A polar bear can ruin your whole day. After breakfast this morning, Mike Jenson walked his balloon out from its hangar on the helideck to his huts on the ice and the meteorological guys walked out to the Main Mast to work. The polar bear reconnaissance skiers had just left on their rounds. Apparently, they skied around the sleeping bear before they were aware of its presence. Finding themselves with a polar bear between them and the ship, they tried to sneak past it to return to the ship but ended up waking it up. This was the same big bear that had visited us yesterday. I guess it hadn't wandered off, but just had found a comfy snow hollow to sleep in. Shortly after we returned from scouting, our visiting bear, awake and refreshed, was walking around again and the call went out that the scientists had to come back in. Mike didn't want to leave his balloon tethered to the winch out at the ice camp because it might be extremely interesting to a bear, so he walked it back in and put it back in its hangar. The meteorological crew was recalled, too, so everybody ended up back on the ship. The expedition leaders are being very careful to ensure the safety of everyone onboard as well as the safety of the Arctic wildlife.

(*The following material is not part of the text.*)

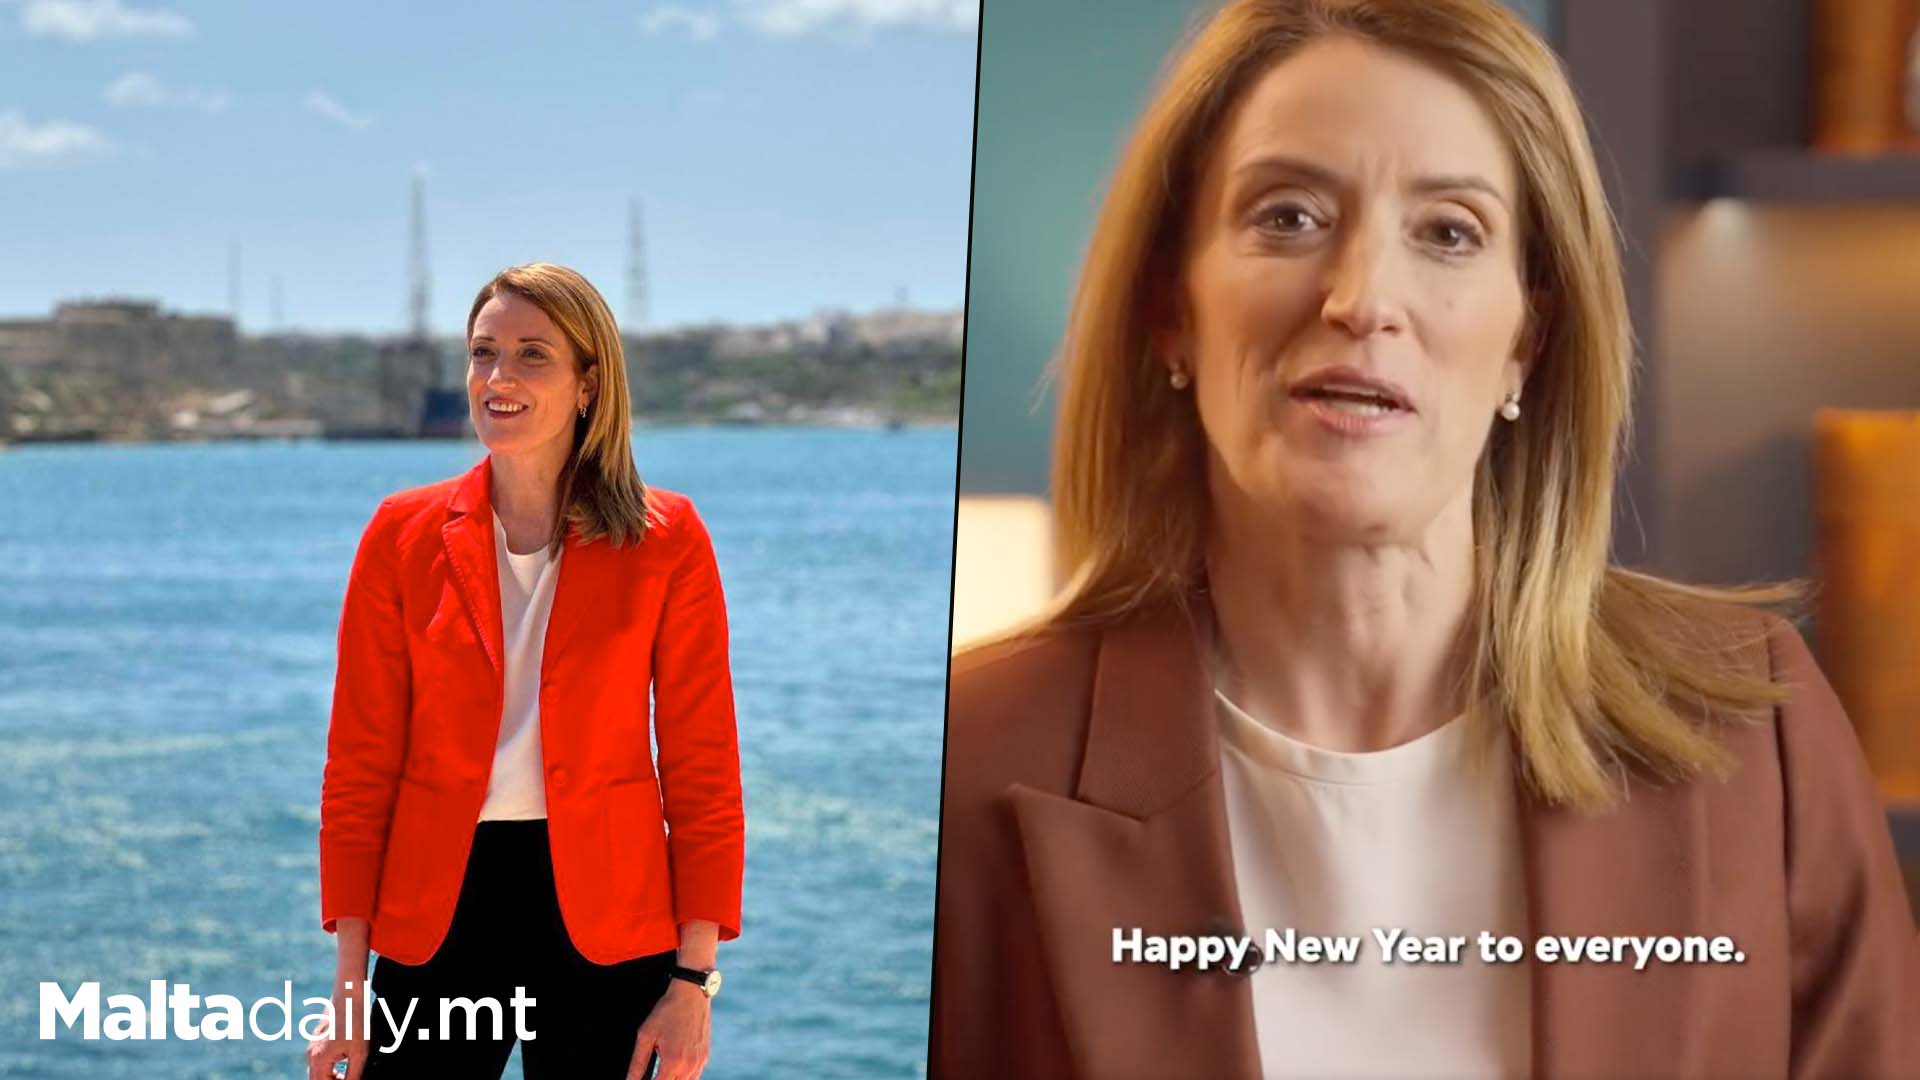 Roberta Metsola’s Message For The New Year

About 1 pm, we heard that the bear was coming closer to the ship so everybody went out on the decks to watch. The bear was on the opposite side of the ship from the ice camps and it made a really big, lazy circle around the back end of the ship and meandered towards the ice camps with all of their equipment. I was taking a video out on Deck 4 when the ship suddenly blew the REALLY LOUD foghorn to try to scare the bear away. Yikes! The bear started running and I almost did, too. It only ran a few paces then turned again to check out all of that interesting equipment. At this point, the helicopter team went into action and they were flying within a few minutes.

After the helicopter helped the bear decide to find another place to hang out, they were allowing scientists back on the ice with the warning that they might have to leave their equipment if it comes back into the area (Our security team said it is a really slow bear so they would have plenty of warning). Johan Knulst (Sweden), Jussi Paatero (Finland), Brian Thompson (U.S.), and I (U.S.) loaded up the snowmobiles with both surface sampling boats and had the security team take us out to an open lead about a kilometer away. We ran both boats for a couple of hours, collecting surface layer samples automatically in bottles on each boat as they skim the surface of the water. Unfortunately, when Johan was lifting the small boat out of the water, its full sample bottle hit the edge of the ice and slipped out of the holder, falling 4 kilometers to the bottom of the Arctic Ocean. The hazards of science in the Arctic!

Vi ses! (See you later!)

From Deck 4 on the Icebreaker Oden, drifting far away,

Dena Rosenberger

Paty Matrai taking a seawater sample from the Go-Flow bottle on the aft deck.

That's me at the surface sampler controls while Brian Thompson looks on. We have to wear life jackets whenever working near an ice edge. It looks like we are just standing by a river but it is actually 4 kilometers deep (about two and a half miles).